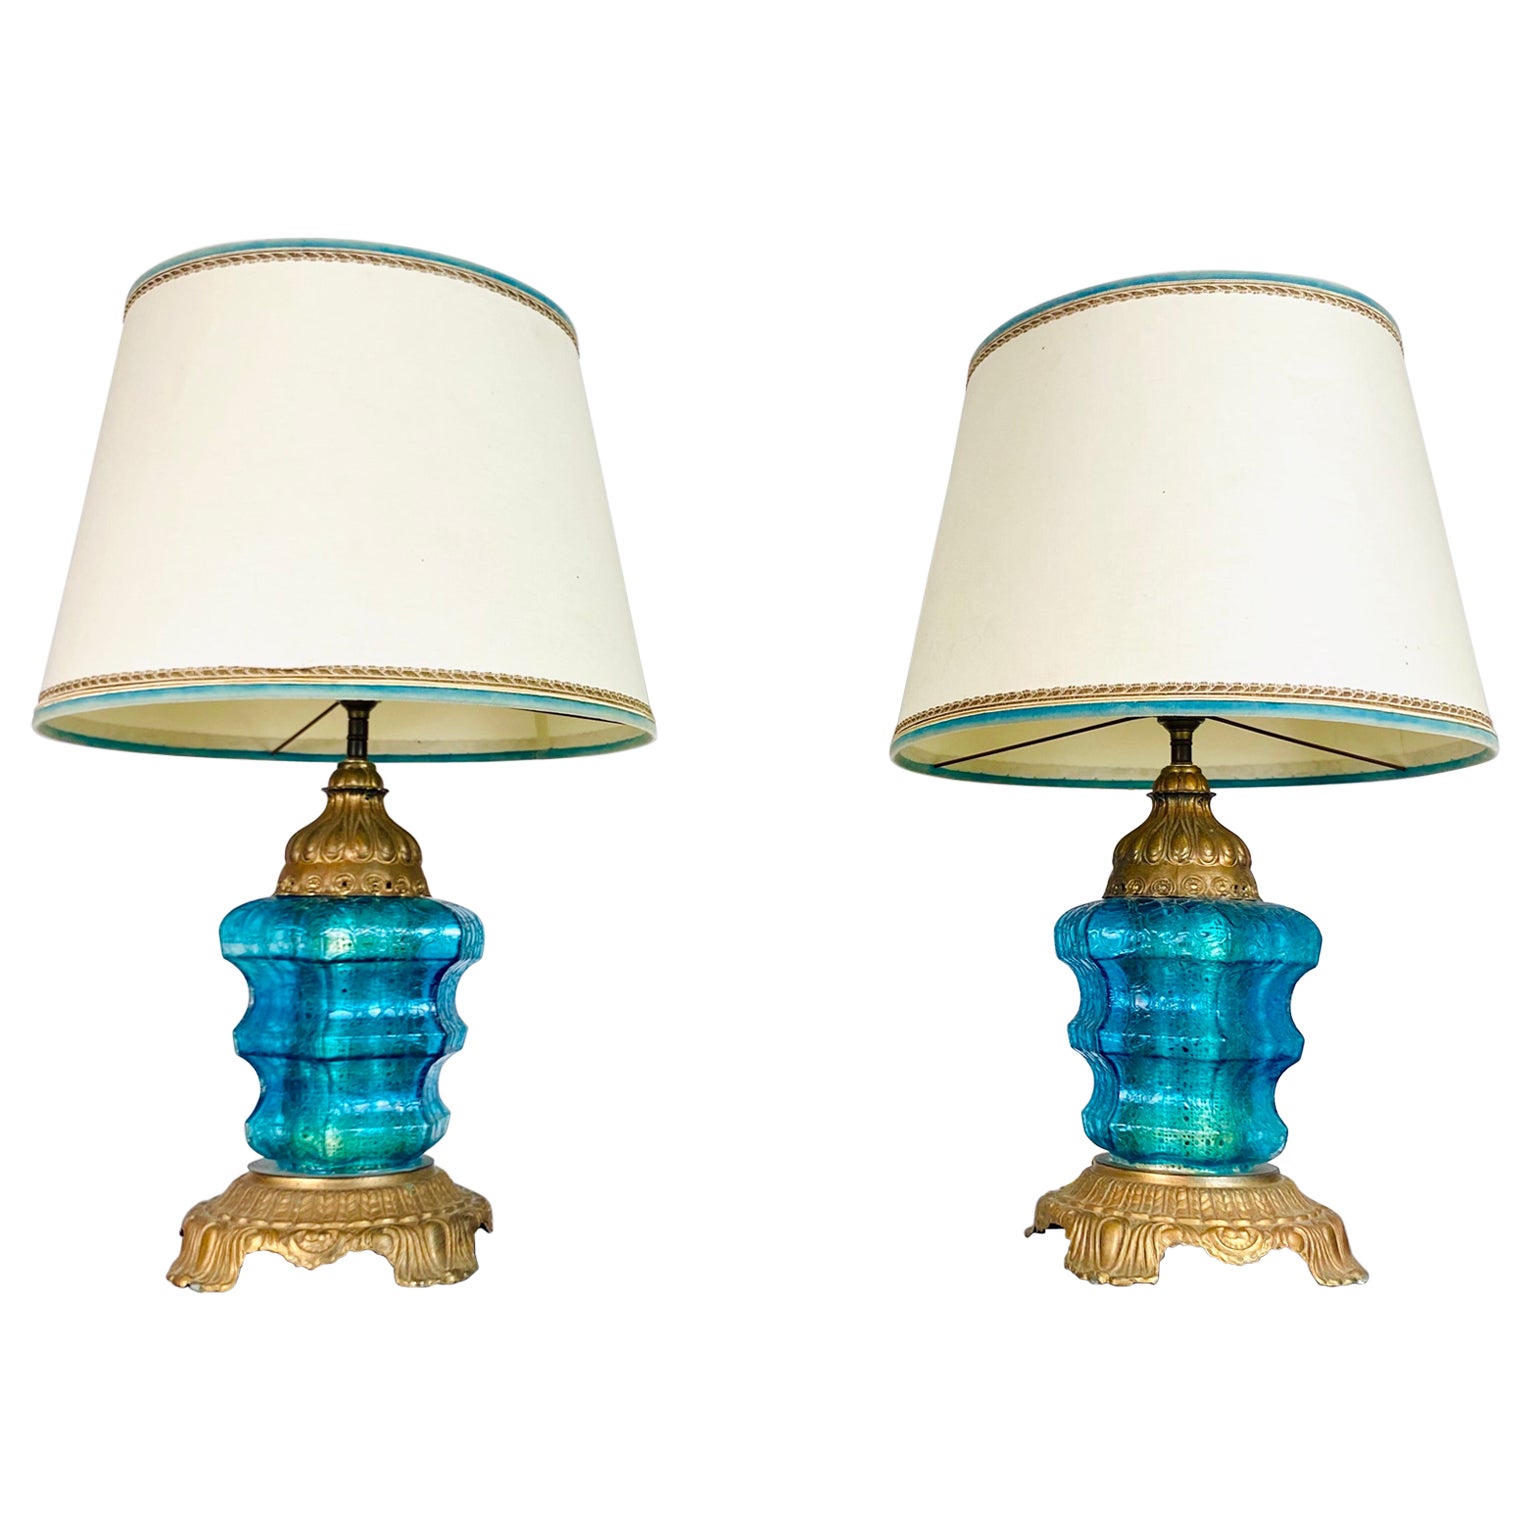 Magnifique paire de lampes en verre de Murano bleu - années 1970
**********
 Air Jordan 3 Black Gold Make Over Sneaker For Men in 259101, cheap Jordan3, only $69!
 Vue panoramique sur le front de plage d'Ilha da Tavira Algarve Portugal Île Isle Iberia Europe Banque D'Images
**********
= Exercise instructions =
Beginning with the line containing "Air Jordan 3" in the material above, copy every line exactly until you have copied the line containing "Vue panoramique sur".

= Written reply =
 Air Jordan 3 Black Gold Make Over Sneaker For Men in 259101, cheap Jordan3, only $69!
 Vue panoramique sur le front de plage d'Ilha da Tavira Algarve Portugal Île Isle Iberia Europe Banque D'Images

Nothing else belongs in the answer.